Vide Annual Report for 1923.
INFECTIOUS DISEASE.
The procedure carried out in regard to infectious disease,
notifiable or otherwise, was considered in detail in my Annual
Report for last year. Teachers contributed their assistance from
time to time by excluding suspicious cases and contacts, and
notifying the School Medical Officer of such exclusions. As in
previous years, most reliance was placed on intelligence received
from school attendance officers, more particularly when dealing
with non-notifiable infections. During the months of January and
February, a severe outbreak of measles occurred, necessitating
the closure of all schools for three weeks.

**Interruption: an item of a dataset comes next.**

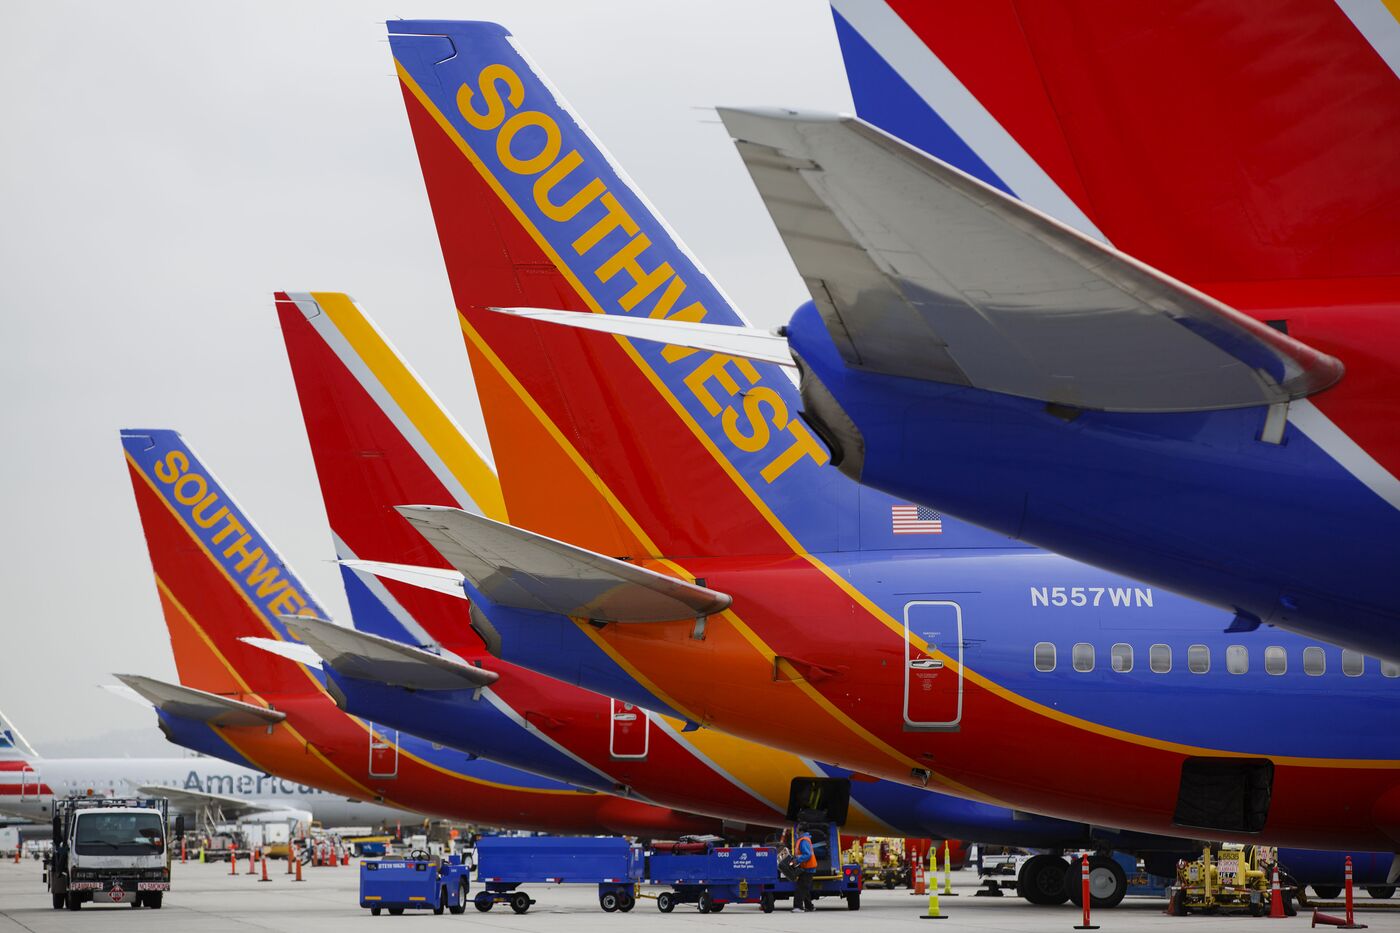 Southwest Air Limits Emotional-Support Animals to Dogs and Cats - Bloomberg

During the last quarter
of the year mumps gave rise to a troublesome outbreak, 195 cases
and 127 contacts being notified and excluded from school.
By virtue of the Board of Education Amending Regulations,
No. 2(a), 1924, now in force, "when the average attendance of
a school or department for any week has fallen below 60 per cent.
of the number of children on the registers, and the Local Education
Authority are satisfied by a certificate from the School
Medical Officer that the fall in attendance to so low a percentage
may reasonably be attributed to the prevalence of epidemic illness
in the district, the meetings and attendances for that week need
not be reckoned in calculating the average attendance for the
purpose of the Board's grant." Such action as suggested may
thus be undertaken as opportunity offers instead of the hitherto
more general practice of school closure, a practice, it may be said,
which tended to deprive the Medical Officer of Health of much
essential fact regarding the ebb and flow of non-notifiable infections
amongst school children, besides being obviously of considerably
less utility in urbanised than rural areas, while, for example,
in the case of diphtheria, these recent. Regulations would appear
distinctly superior to that of school closure in coping with the
average type of outbreak.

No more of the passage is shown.